Man I don't miss I-95..lol


----------



## CDNCRUZIN (Nov 24, 2015)

obermd said:


> Get the rear brakes adjusted. We know the drums on the 2011 and 2012s weren't adjusted properly. There shouldn't be that much play in the brake pedal, even with rear drums.


Thanks! Will definitely get them adjusted.. and on another note, I just ordered my Trifecta tune!!!!!!


----------



## 170-3tree (Nov 4, 2014)

I've been doing autocross with my Cruze and the brakes (drum) are fine. I flushed with new fluid the day I bought it and that firmed it up some and made a minor adjustment to the rear, which helped a bit too. I plan on doing front brakes soon (probably hps5.0 pads and ebc ultimax rotors) and am trying to talk to carbotech about relining my shoes with some better finish, but so far, they haven't been bad at all. 

This is my first car with drums out back and it hasn't bothered me except for the look through my wheels.


----------



## Merc6 (Jun 8, 2013)

Add 13 to the list. I got rotor shakes 9000 miles into ownership and couldn't even e brake hold on a hill out of gear.


----------



## pandrad61 (Jul 8, 2015)

*Merc6* i think i may on that list sooner rather then later. monthly auto crosses and teaching the ball and chain how to properly drive so there is a lot of brake action.

*170-3tree* drums aint all that bad i just hate doing maint on them. hate all the wires and adjustments. rotors are easy and i like easy


----------



## CDNCRUZIN (Nov 24, 2015)

well guys the tune was installed last night so now I REALLY need to get my drums adjusted! LOL! This kid is super happy with his tune! What a friggin difference! 

Car goes in today for a rear brake inspection..


----------



## obermd (Mar 3, 2012)

Merc6 said:


> Add 13 to the list. ... couldn't even e brake hold on a hill out of gear.


Not able to hold the car on a hill is the symptom you need to report to your service department to get them to adjust your rear drums under warranty. Another symptom of this is excessive nose dive during hard braking. The Cruze's nose doesn't dive that much once the rear drums are set properly.


----------



## Robby (Mar 1, 2013)

obermd said:


> Not able to hold the car on a hill is the symptom you need to report to your service department to get them to adjust your rear drums under warranty. Another symptom of this is excessive nose dive during hard braking. The Cruze's nose doesn't dive that much once the rear drums are set properly.

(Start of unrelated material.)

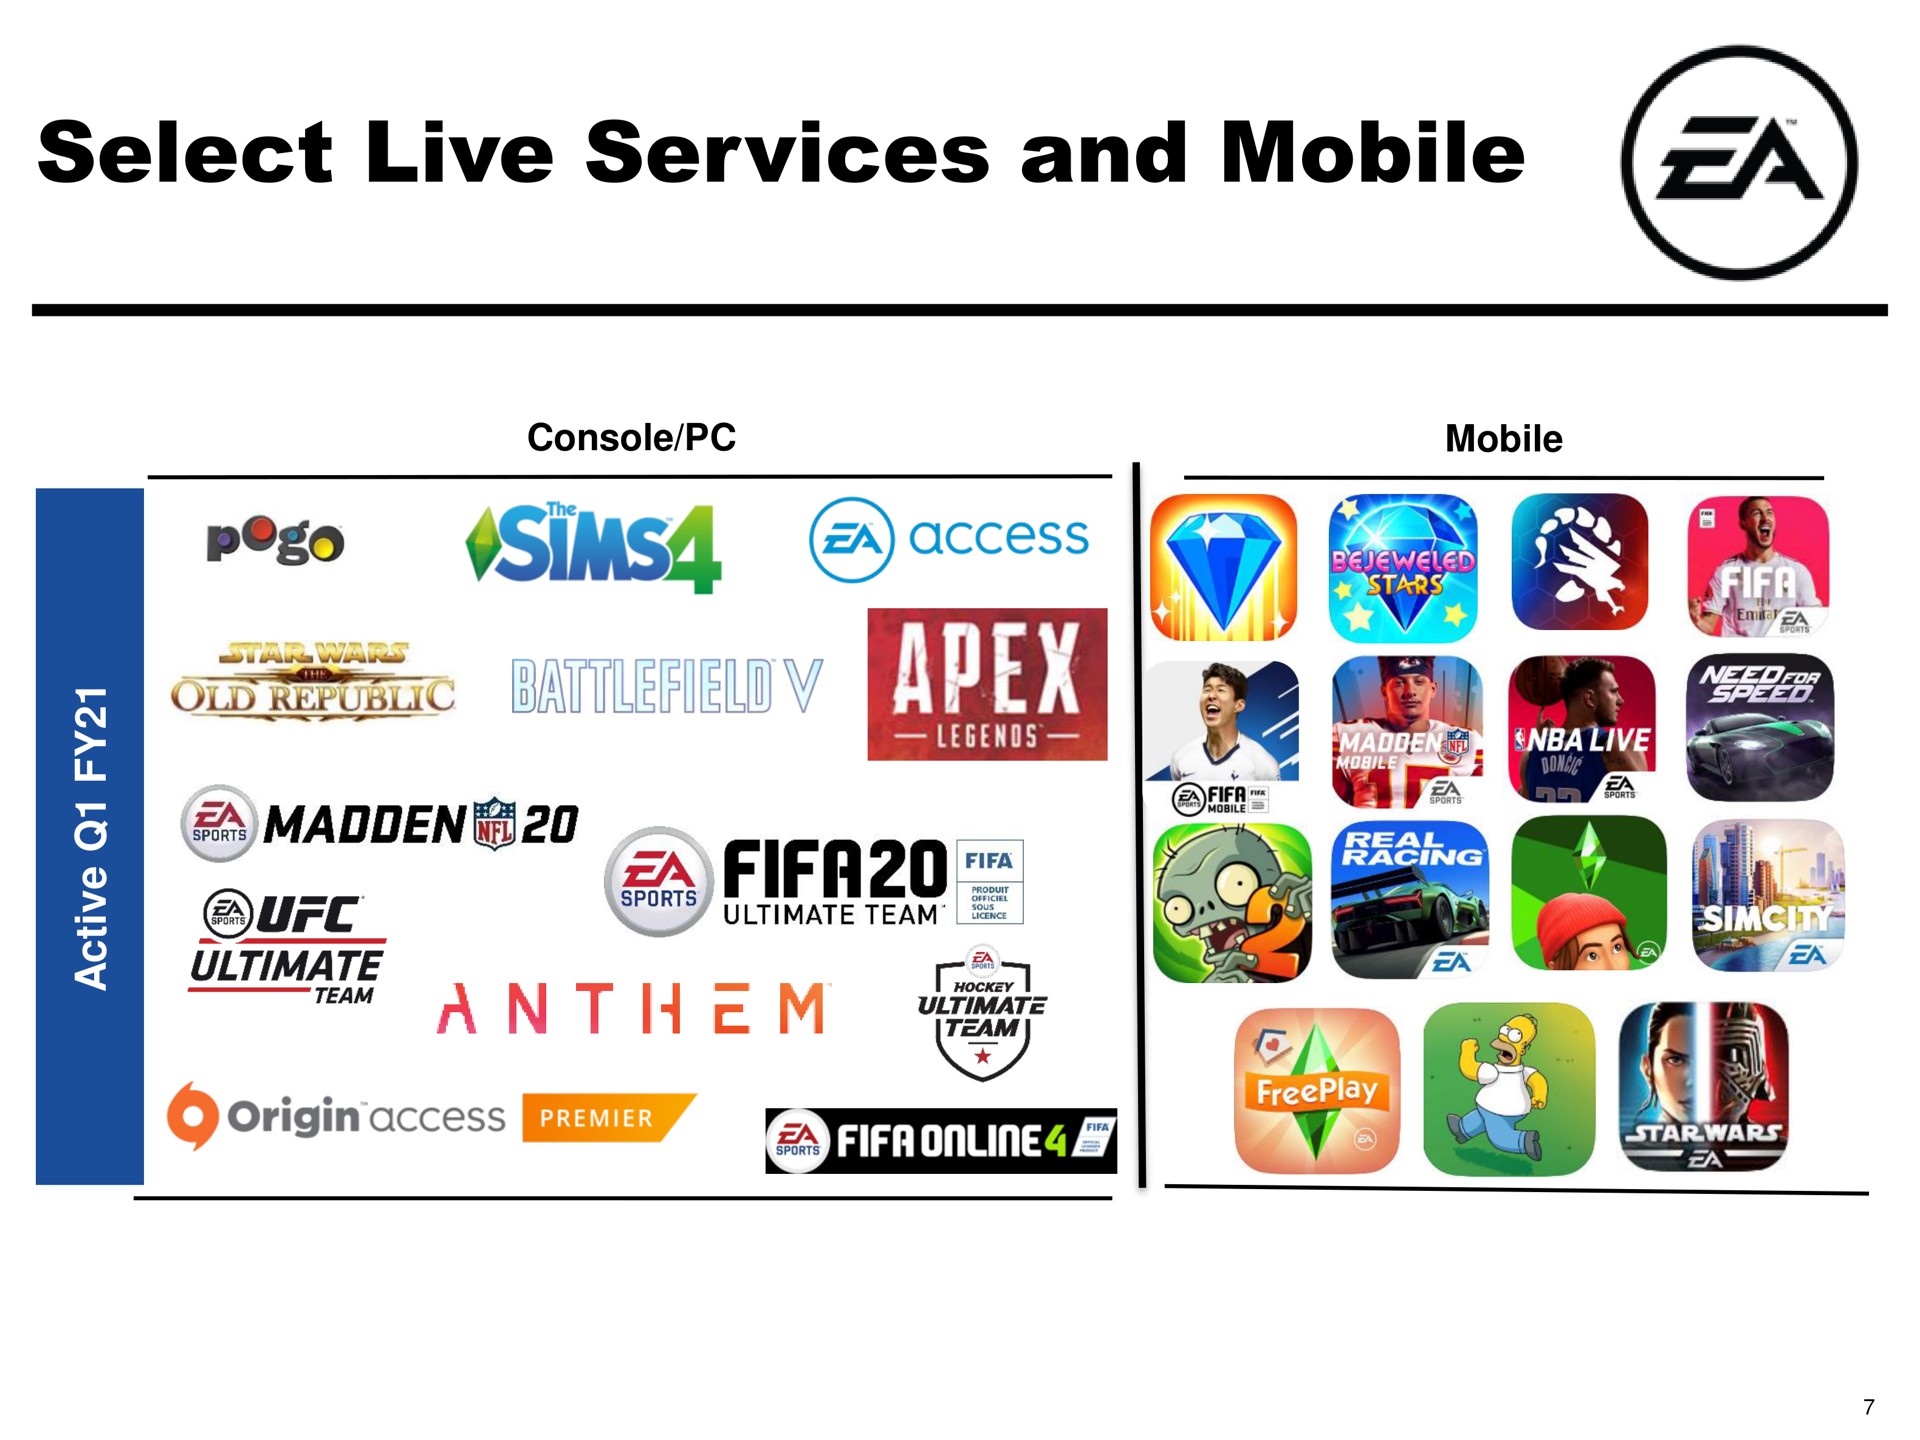 select live services and mobile access a wove origin access | Electronic Arts

I rarely get involved with the 'Rear disc vs Drum' discussion because it can incite a riot of sorts, but as a reminder:

In general, since we know that the rear brakes only are asked to provide around 20 to 30 percent of total braking power, a properly sized and designed drum design is quite capable of providing all the stopping power the vehicle needs.
Rear disc setups on general purpose cars exist for just a few reasons.

Primarily, since most operators have little idea what really is going on back there, it is more of a 'I need to have it because I heard it is good' type thing.
So, for the most part, it is actually a advertising ploy.
To those sensative to pick up on the 'feel' what you actually are noticing is the immediate 'take up' that comes with a all disc system.
This is a result of the disc pad clearance always being at optimum...there is no mechanical adjustment (beyond hand brake adjustment that occurs with each hand brake application) required.
The same feel is attained once the rear shoes have fully bedded to the drum diameter and have been correctly adjusted for the bed in.
Although it won't change the brake application during normal driving, the hand brake cables also have to be adjusted for the initial bed in and cable stretch.

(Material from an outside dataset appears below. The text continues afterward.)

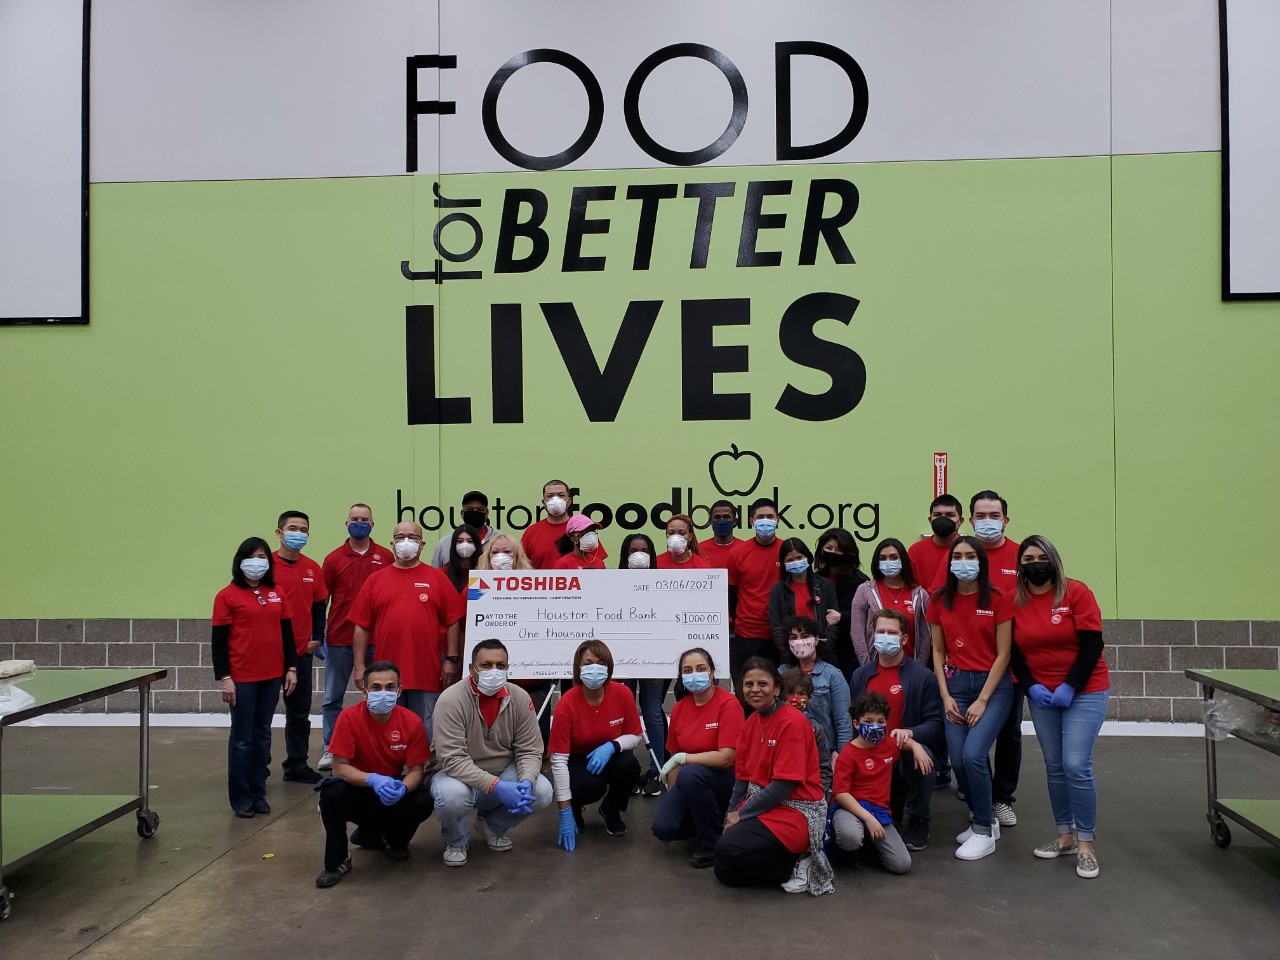 Toshiba International Corporation partnered with the Houston Food Bank for a volunteer event at their food distribution center.

The proof of how limited the rear brakes workload is shown in their lifespan which is generally three times that of the same car with a rear disc system.
The rear pads of a disc system are generally a third smaller as well as a smaller disc diameter and, the pad material is much softer so it can generate heat. Remember that heat and pad destruction is required for braking......it takes heat to get it rolling, it must make heat to get it to stop.

That less than stellar heat production really shows itself here in the midwest as rust. The rotors rust so badly they generally require replacement with each rear pad replacement and the caliper slide pins never dry and begin to bind the caliper.

The somewhat better protected hardware under the top hat of a drum generally live a rather calm life in comparison.
It was mentioned that shoe replacement (when finally needed) is a pain.........And it sure is if you do the job without specific brake spring tools and spring pliers.
I've seen guys do it with pliers and screwdrivers......springs flying around, bleeding hands, cursing.

Gotta tell ya, with the right tools I can hang shoes faster than most can do pads what with the caliper service that should be done during the process.

GEEZE!
Did I get sidetracked!

I was going to (and still am) respond to Obermd's comment about nosedive.

The beauty of a trailing axle rear suspension on a front drive car is how it responds to hard braking.
When the rear brakes are correctly adjusted, the lever action of the brakes on the axle cause it to rise.....in so doing, the rear of the car lowers.
As a result, adjusted correctly, the entire car lowers on hard braking.

You can observe this by fully applying the hand brake and brake torqueing the car in a forward gear......stick shift guys can do it by putting it in first and loading the clutch.

Going back to adjustment of drum systems, if you want to keep that solid feel that a well adjusted disc/drum system can provide get into the habit of removing the drum(s), cleanout the accumulated dust, sand off the rust ridge at the outer bell area of the drum, and touch up the adjustment to a light drag.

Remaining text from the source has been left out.